The figure shows that immediately after returning from NtUserMNDragLeave a message is sent to such a window by calling SendMessage, which leads to the execution of arbitrary code in the kernel ( kernel code execution ). Usually, using this feature, the attacker steals the token of the system process, obtaining system privileges. This is exactly what happens in the described exploit.

Completion

So, we list the key features of the exploit. Addressing callbacks in user space at times when any kernel structures are in an intermediate state in the middle of a transaction that modifies them is the most common cause of vulnerabilities in the win32k.sys library. Putting the bServerSideProc flag at the window is also a popular method of obtaining the ability to run code in the kernel. And third, when executing code in the kernel, copying the reference to the system token is the most convenient way to raise privileges.

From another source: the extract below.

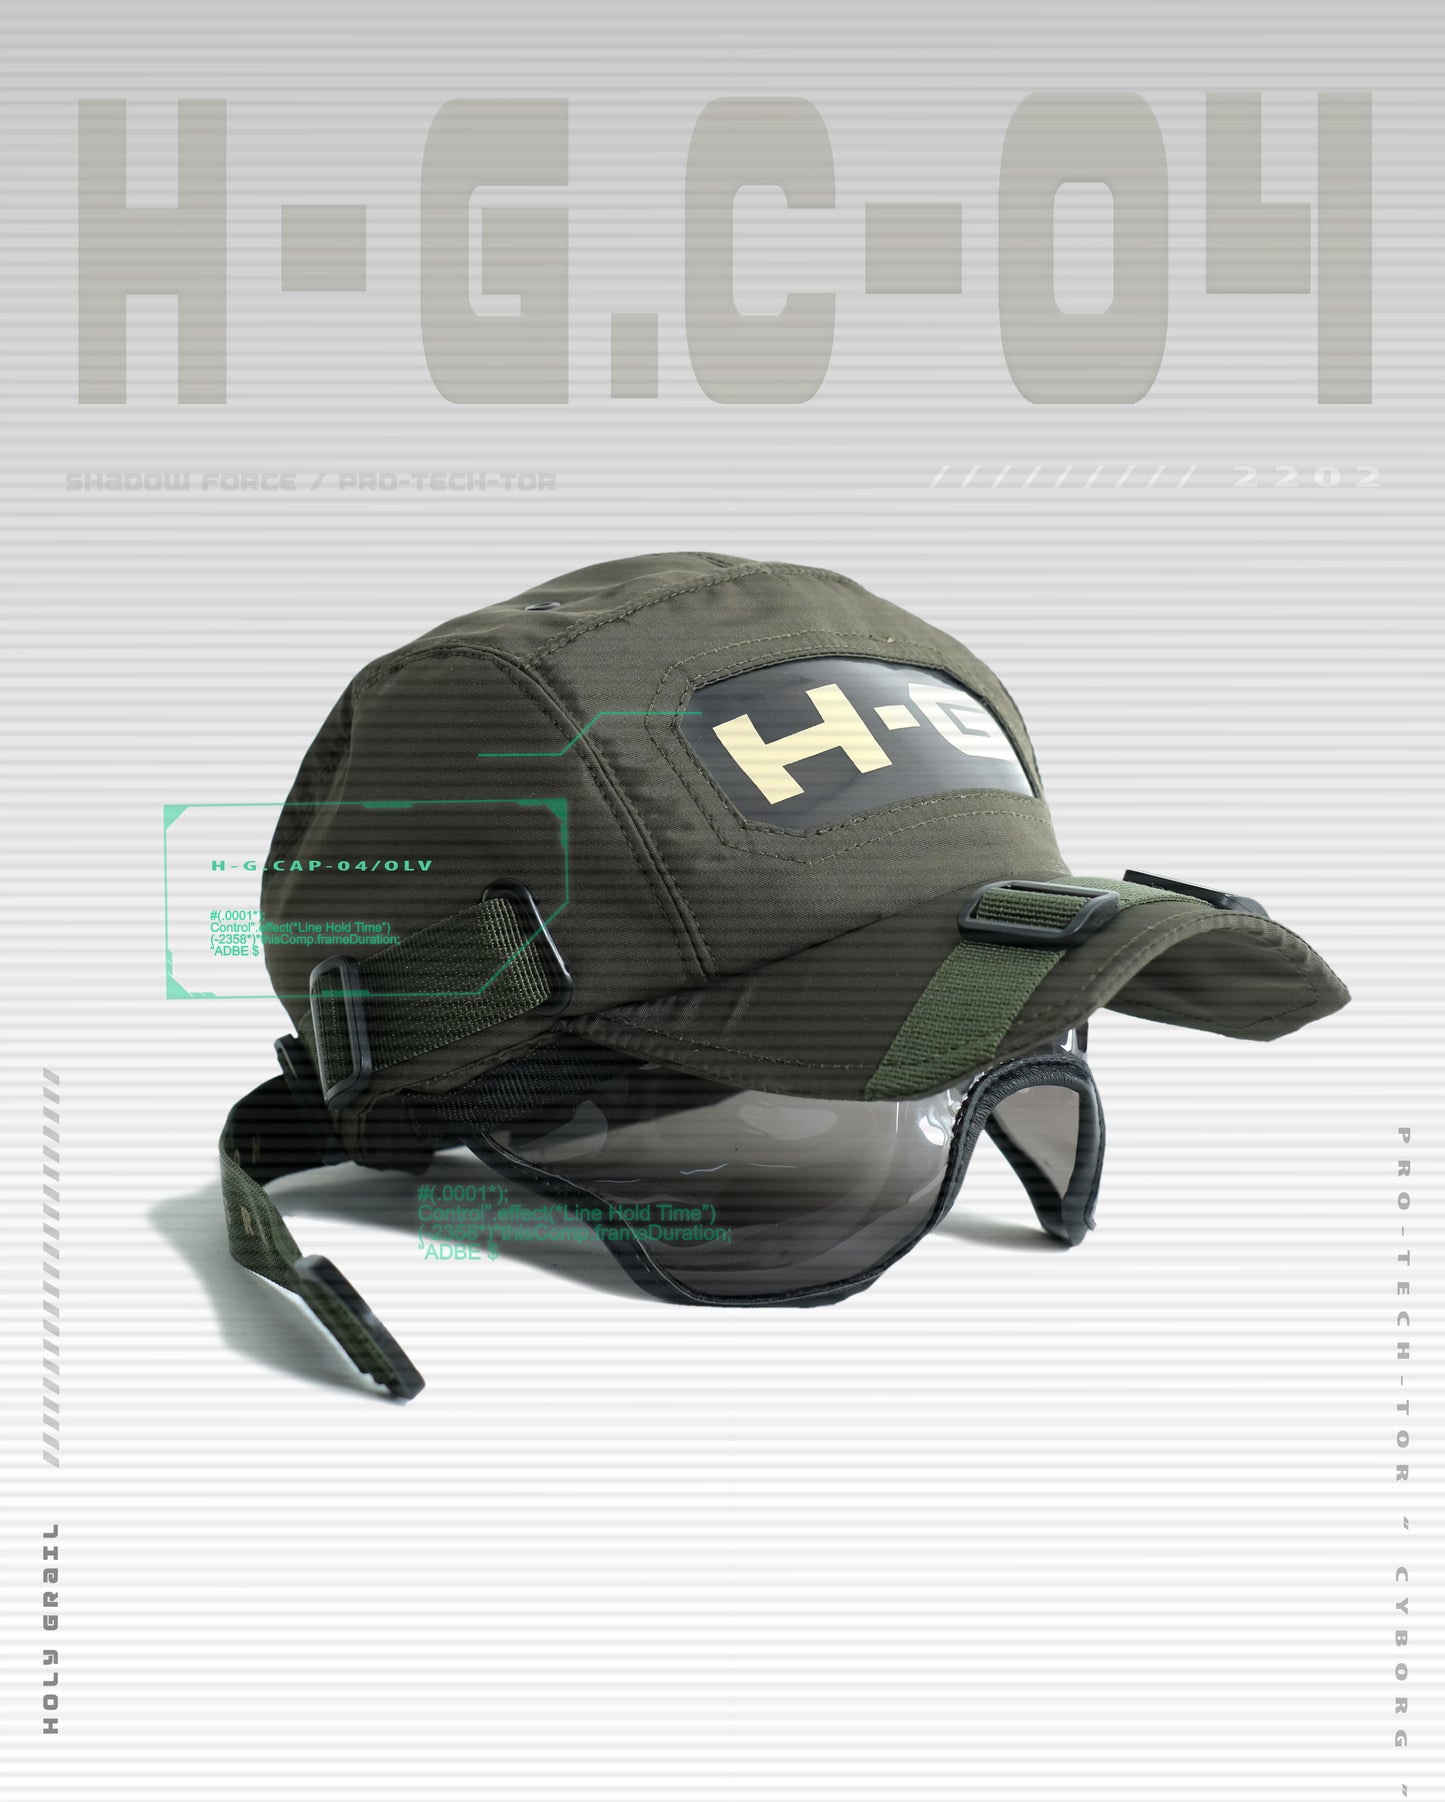 H-G.CAP-04/OLV ( LIMITED EDITION!)

In this sense, the presented exploit looks rather ordinary. At the same time, many operation nuances were only briefly mentioned in the article or deliberately omitted.

For example, we did not stop at the exact view of the context menu, as well as of the actions performed on it, which lead to the correct position of the flags and the filling of the win32k!gMenuState variable fields when performing the xxxMNEndMenuState procedure. It was also bypassed that the menu names set when calling SetClassLong should, on the one hand, be a Unicode string with no null characters, and on the other hand, be a legitimate tagPOPUPMENU structure. It also means that the address of the window in the kernel, to which the field for decrement will point, must not contain wchar_t null characters. These are just a few examples from a rather impressive list.

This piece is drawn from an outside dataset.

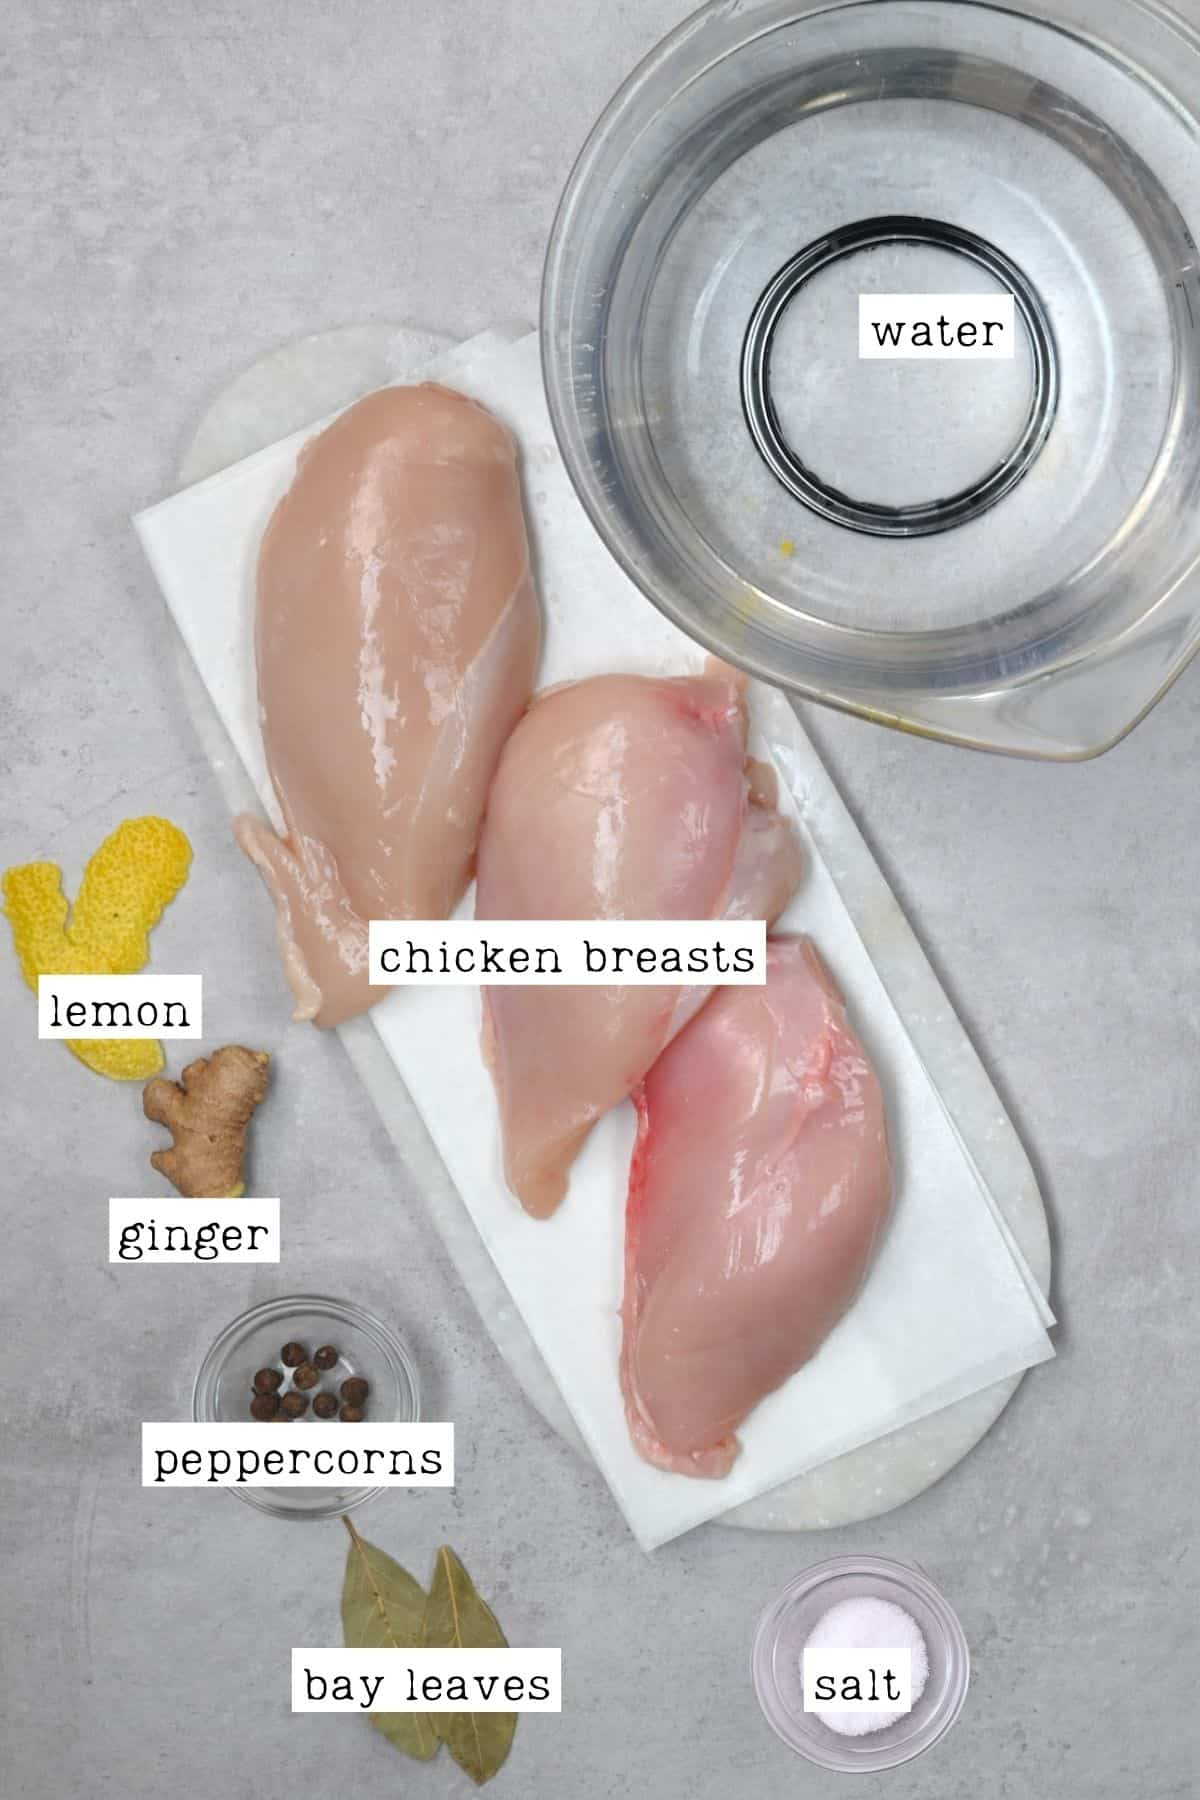 Ingredients for boiling chicken

In conclusion, it is worth saying a few words about the update , fixing the explored vulnerability. A quick inspection of the patch showed that now the release of the buffer addressed by the gMenuState.pGlobalPopupMenu field occurs closer to the end of the xxxMNEndMenuState function, much later MNFreePopup and UnlockMFMWPWindow , and is accompanied by zeroing of the pointer itself. Thus, the patch eliminates two reasons, the simultaneous presence of which led to the appearance of vulnerability.